> **Description of the task**
Every line below from the one with "Воден блок за" through the one with "Bathroom White Tiles" is to be repeated exactly, with no picture among them.

> **Excerpted data**

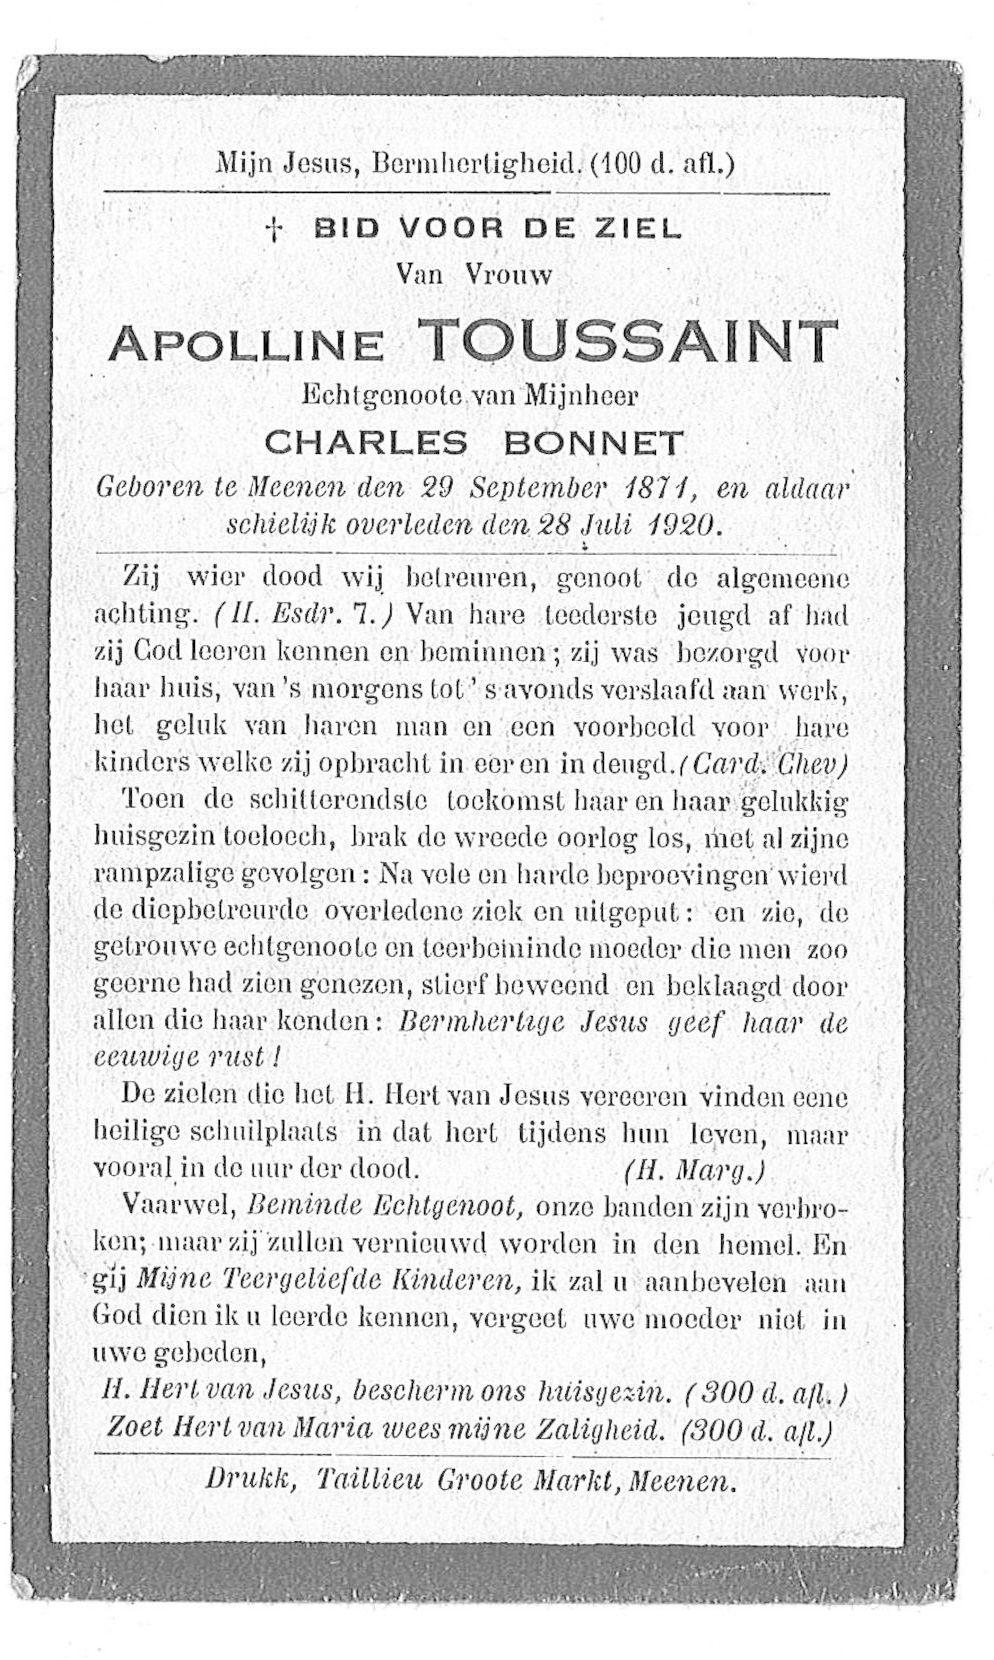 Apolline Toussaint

==

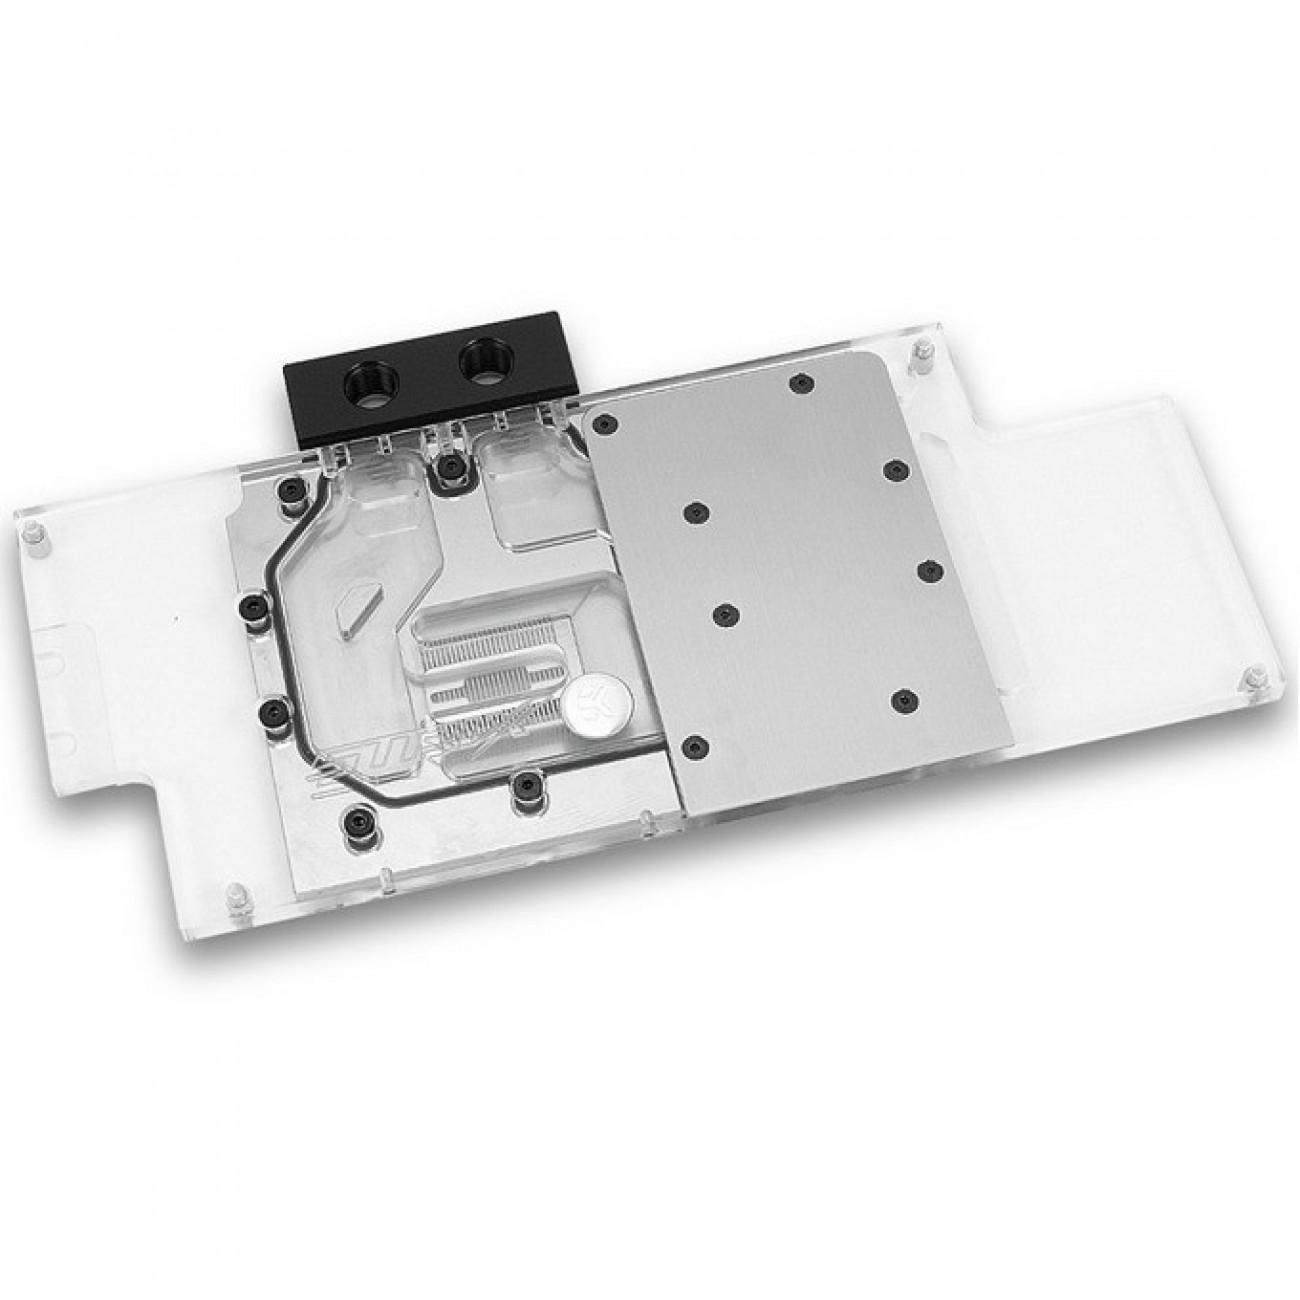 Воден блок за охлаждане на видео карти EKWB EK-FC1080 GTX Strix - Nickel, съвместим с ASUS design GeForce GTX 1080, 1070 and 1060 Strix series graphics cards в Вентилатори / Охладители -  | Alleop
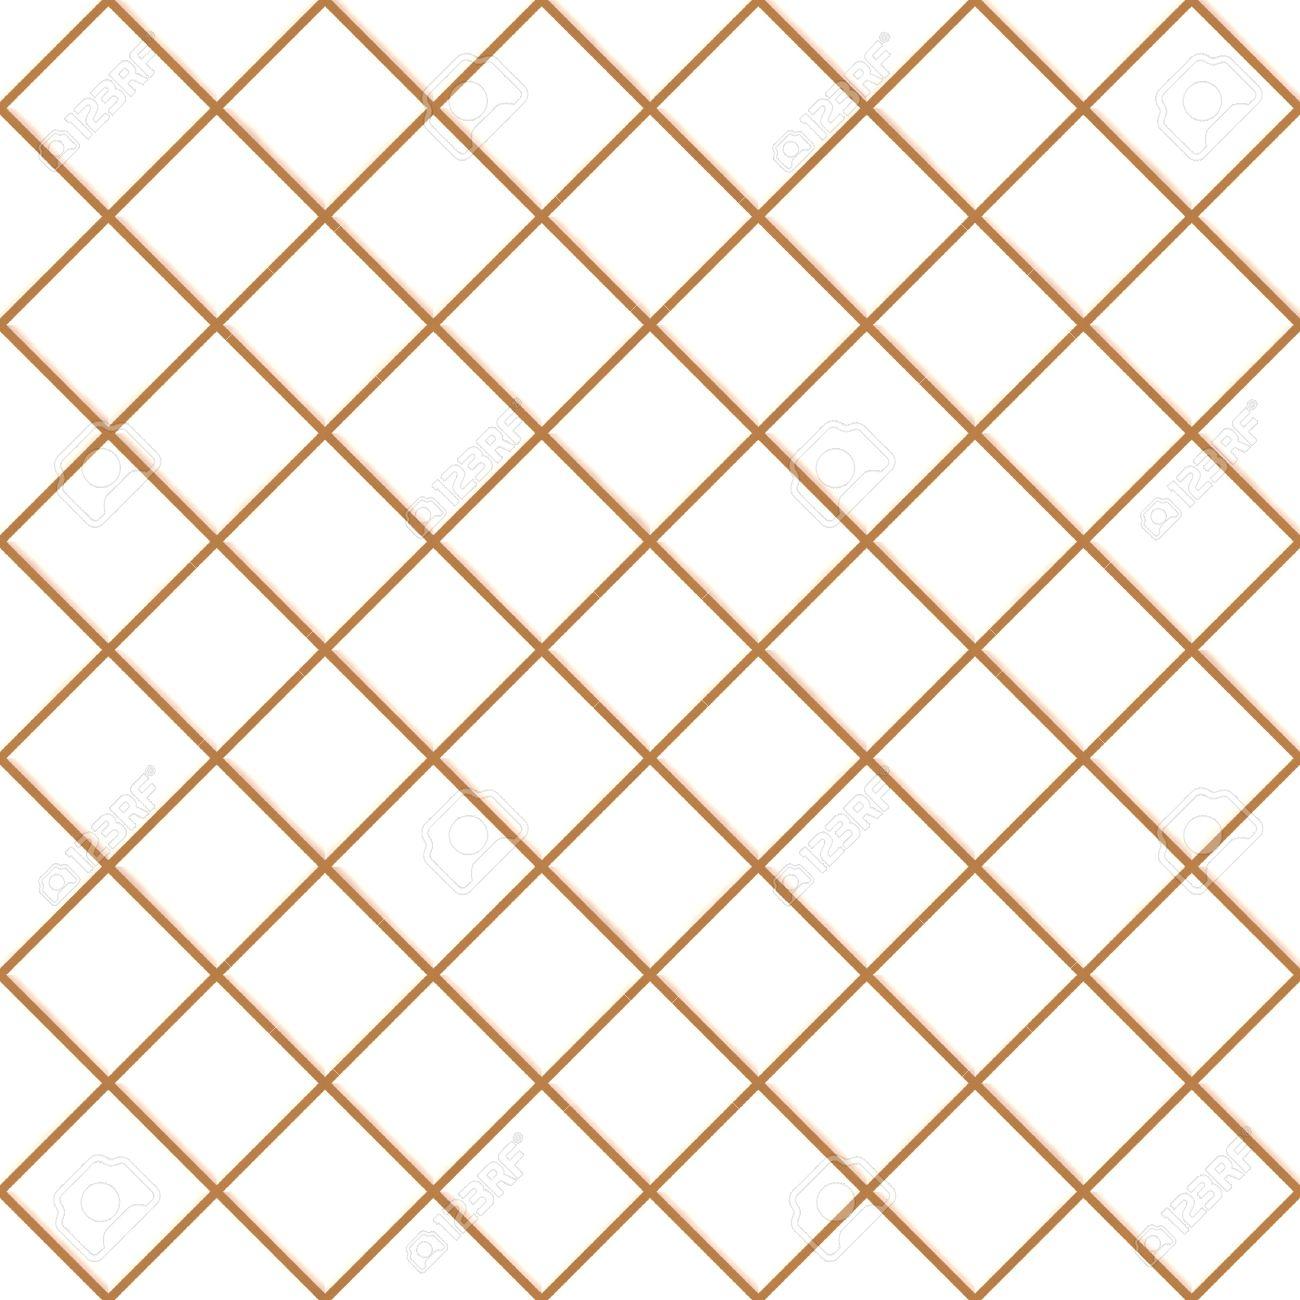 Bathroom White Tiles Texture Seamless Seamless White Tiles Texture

> **Solution**
 Воден блок за охлаждане на видео карти EKWB EK-FC1080 GTX Strix - Nickel, съвместим с ASUS design GeForce GTX 1080, 1070 and 1060 Strix series graphics cards в Вентилатори / Охладители -  | Alleop
 Bathroom White Tiles Texture Seamless Seamless White Tiles Texture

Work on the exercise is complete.